### Records to process
________

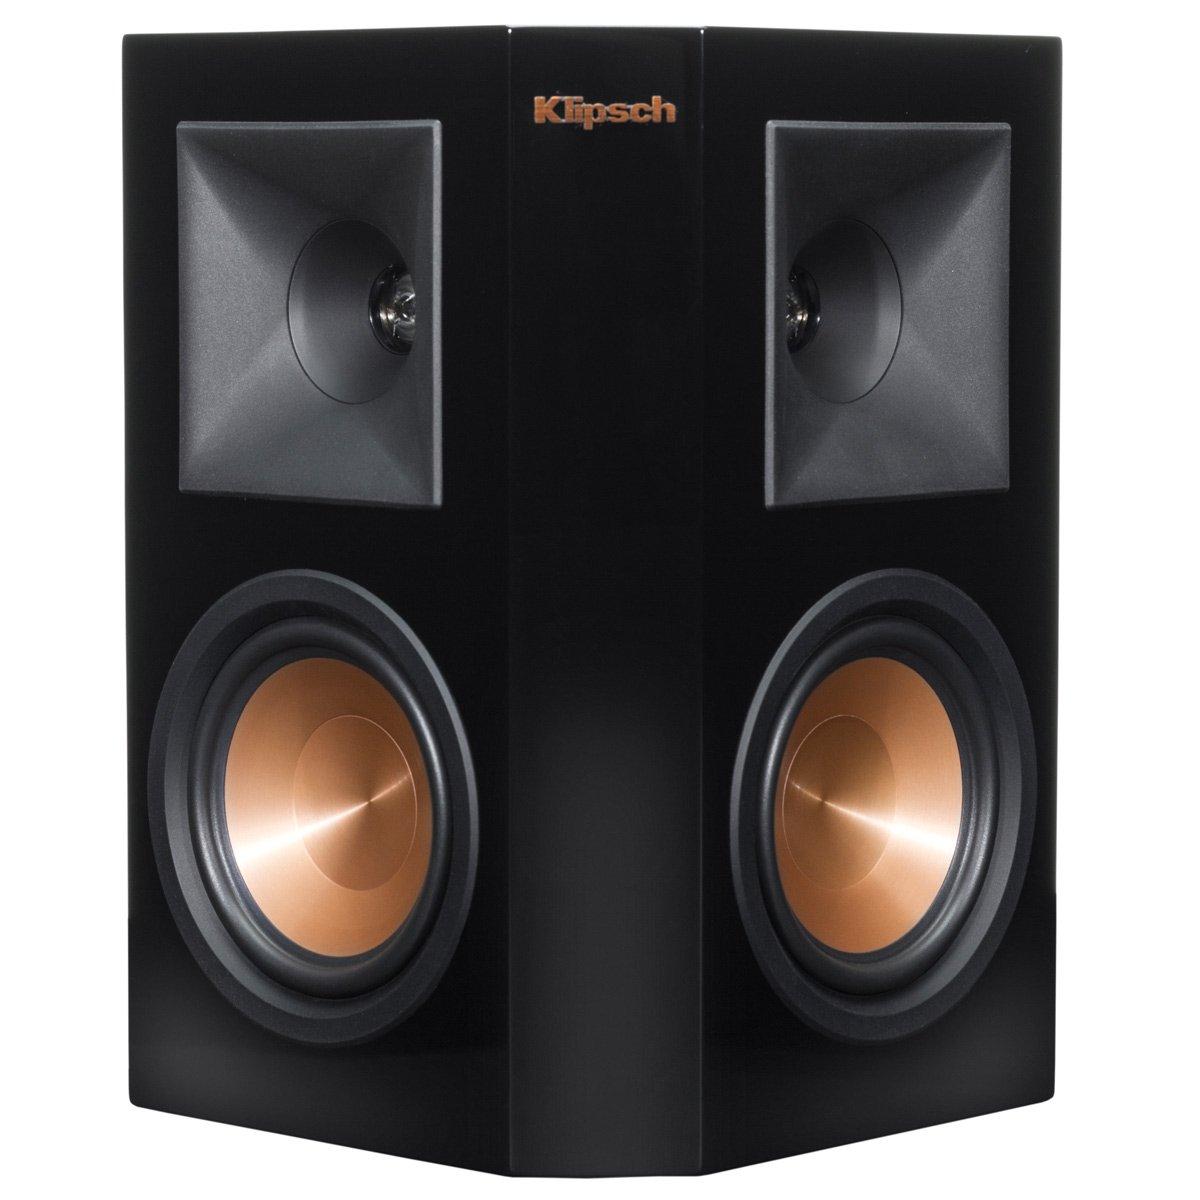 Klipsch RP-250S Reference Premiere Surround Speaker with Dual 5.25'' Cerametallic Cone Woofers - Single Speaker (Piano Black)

________

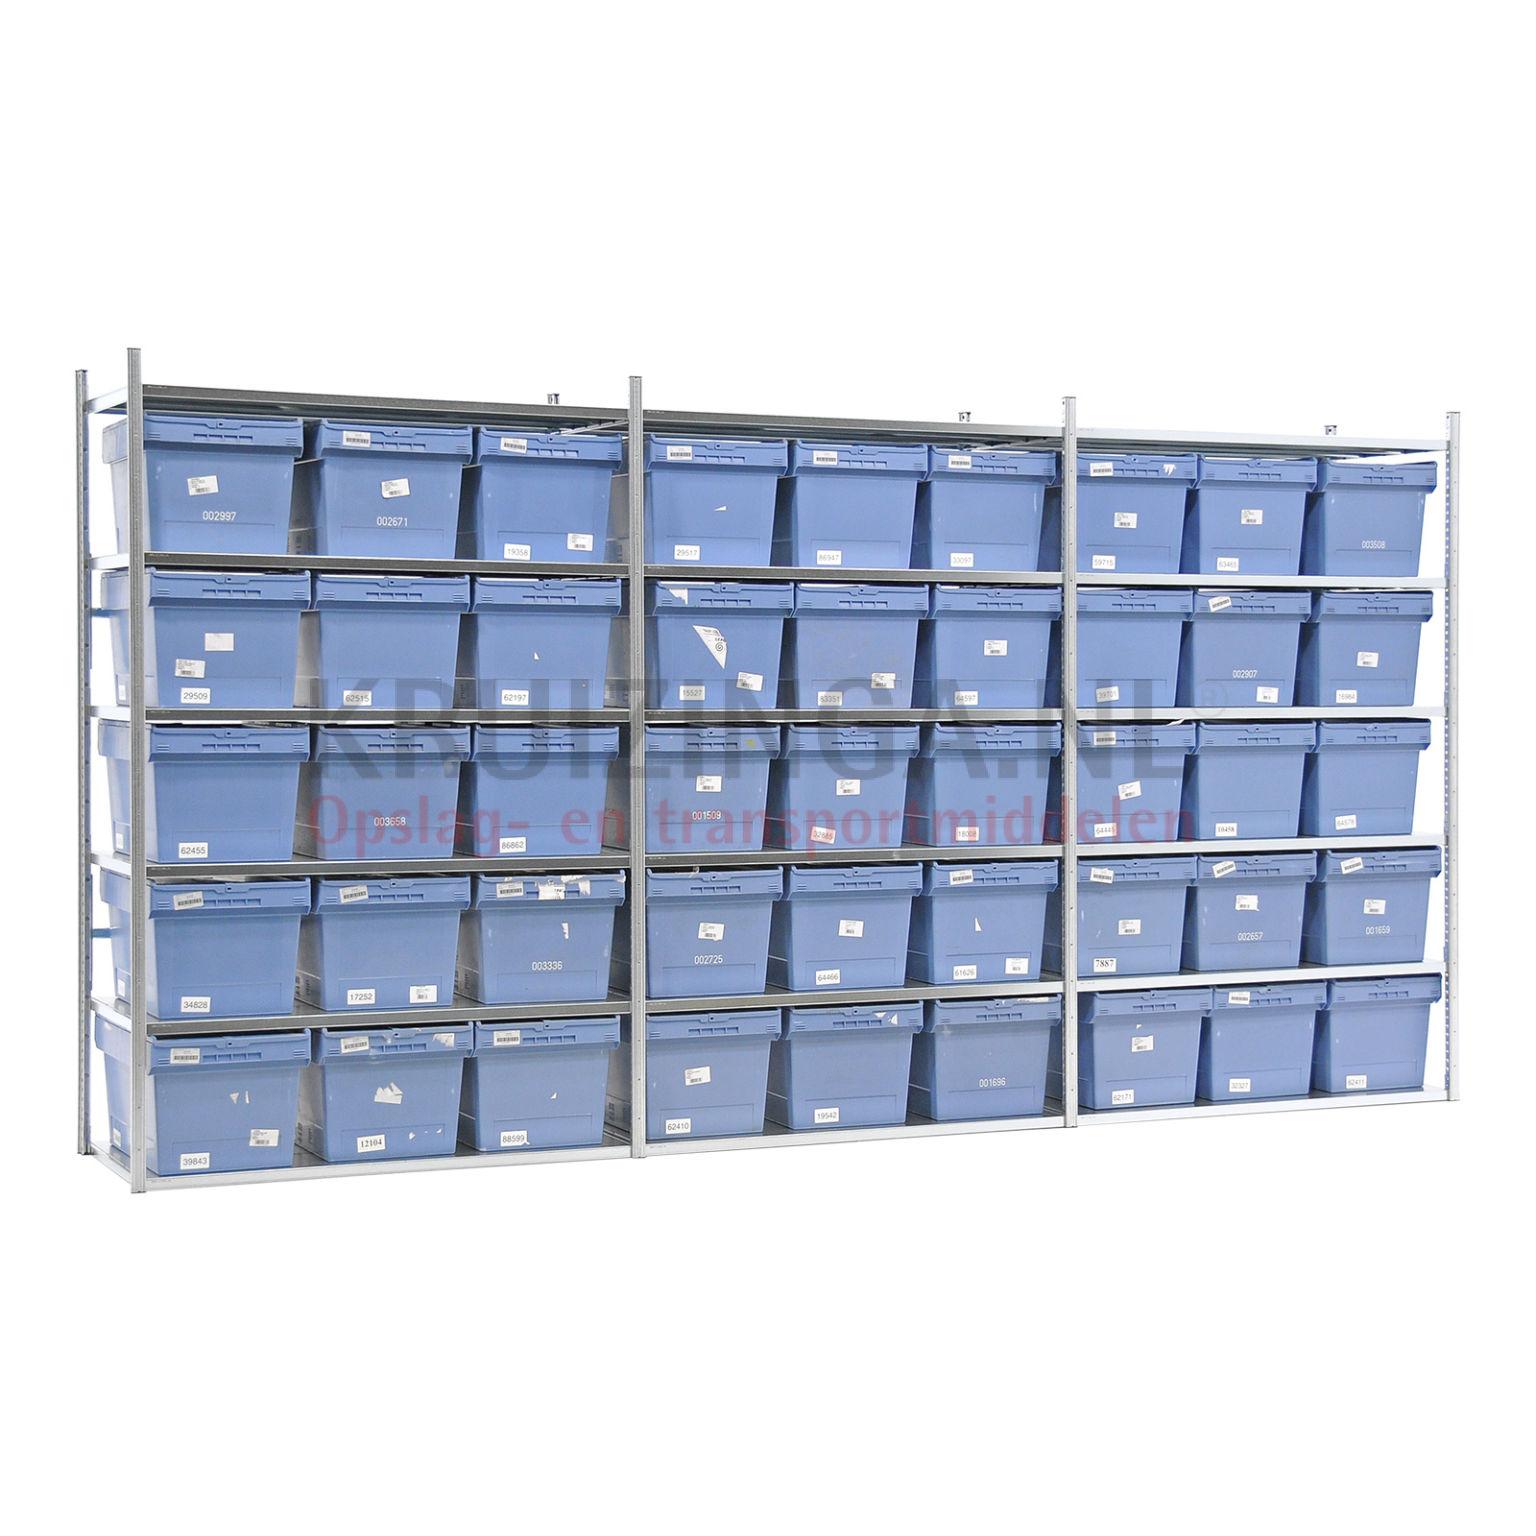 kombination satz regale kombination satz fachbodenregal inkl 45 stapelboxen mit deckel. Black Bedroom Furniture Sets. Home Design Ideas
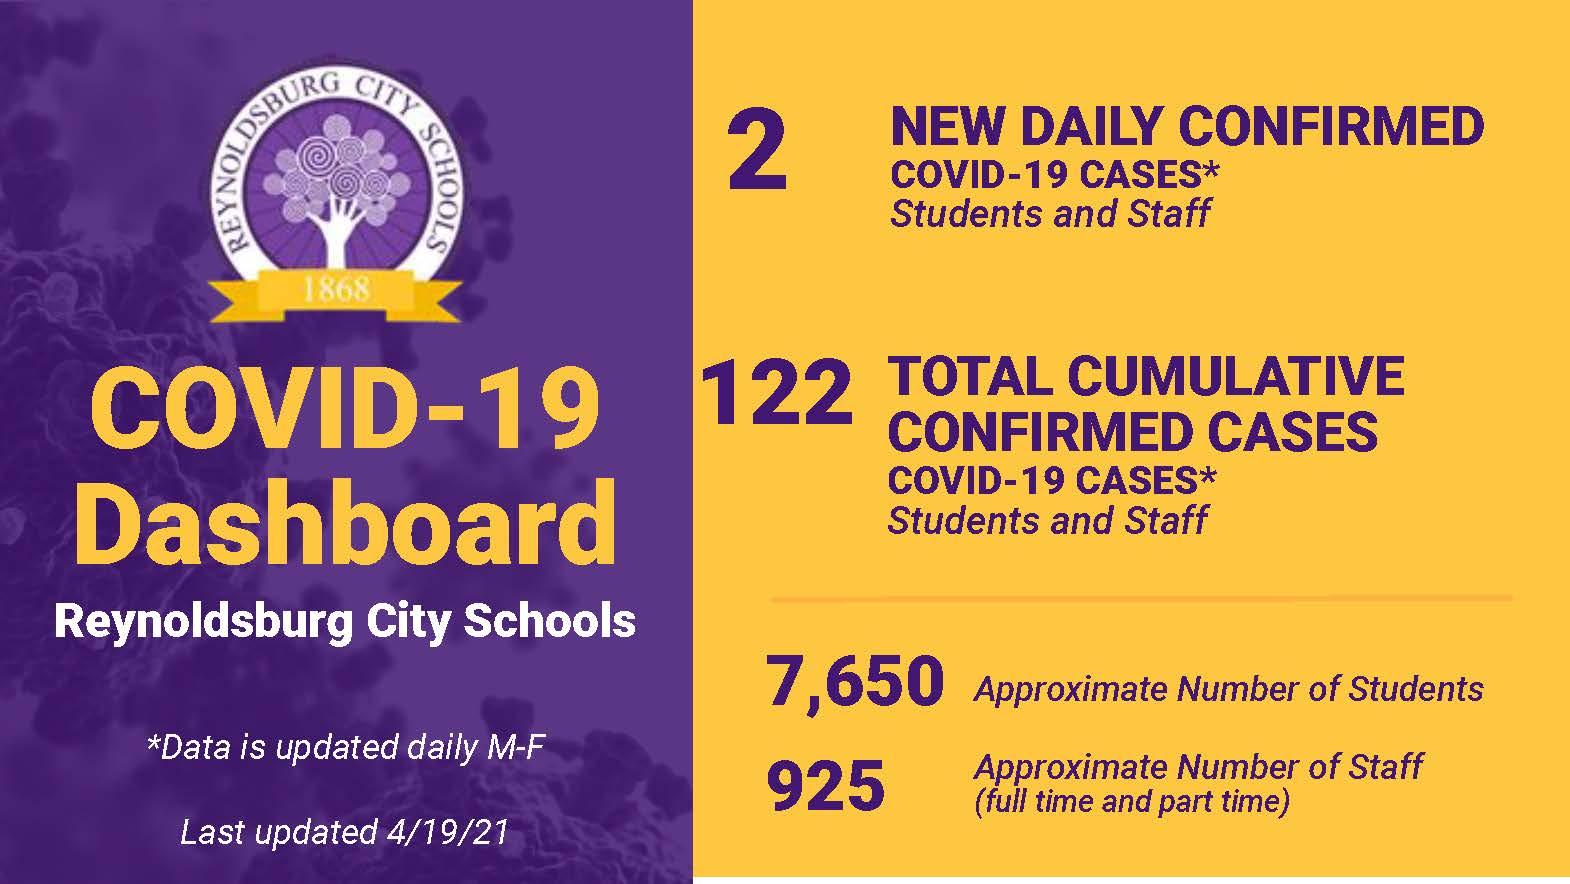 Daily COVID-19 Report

________

### Directions for this task
Beginning at the line above that contains "kombination satz regale", repeat each line exactly through the one that contains "Daily COVID-19 Report", and leave out the pictures.

### Expected output
 kombination satz regale kombination satz fachbodenregal inkl 45 stapelboxen mit deckel. Black Bedroom Furniture Sets. Home Design Ideas
 Daily COVID-19 Report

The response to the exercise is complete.